• _PROMPT_: Copy task. Retype the whole listing exactly, omitting any picture in it.

• _DATASET EXCERPT_:
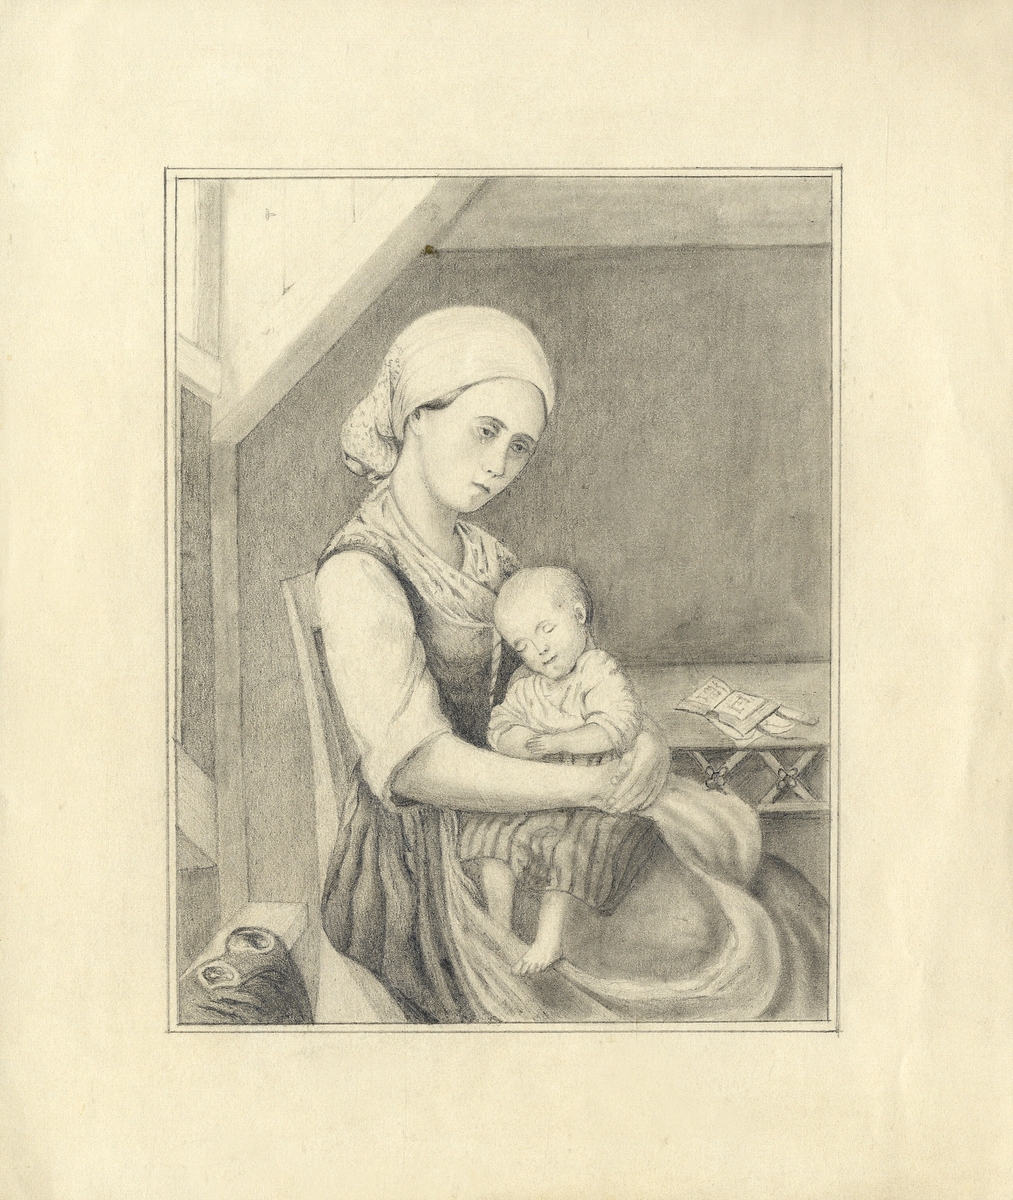 Skiss, blyerts. Studie av en kvinna i allmogedräkt med ett litet barn i famnen.
Knäbild, halvprofil.  

Inskrivet i huvudbok 1937.

• _EXERCISE SOLUTION_:
 Skiss, blyerts. Studie av en kvinna i allmogedräkt med ett litet barn i famnen.
Knäbild, halvprofil.  

Inskrivet i huvudbok 1937.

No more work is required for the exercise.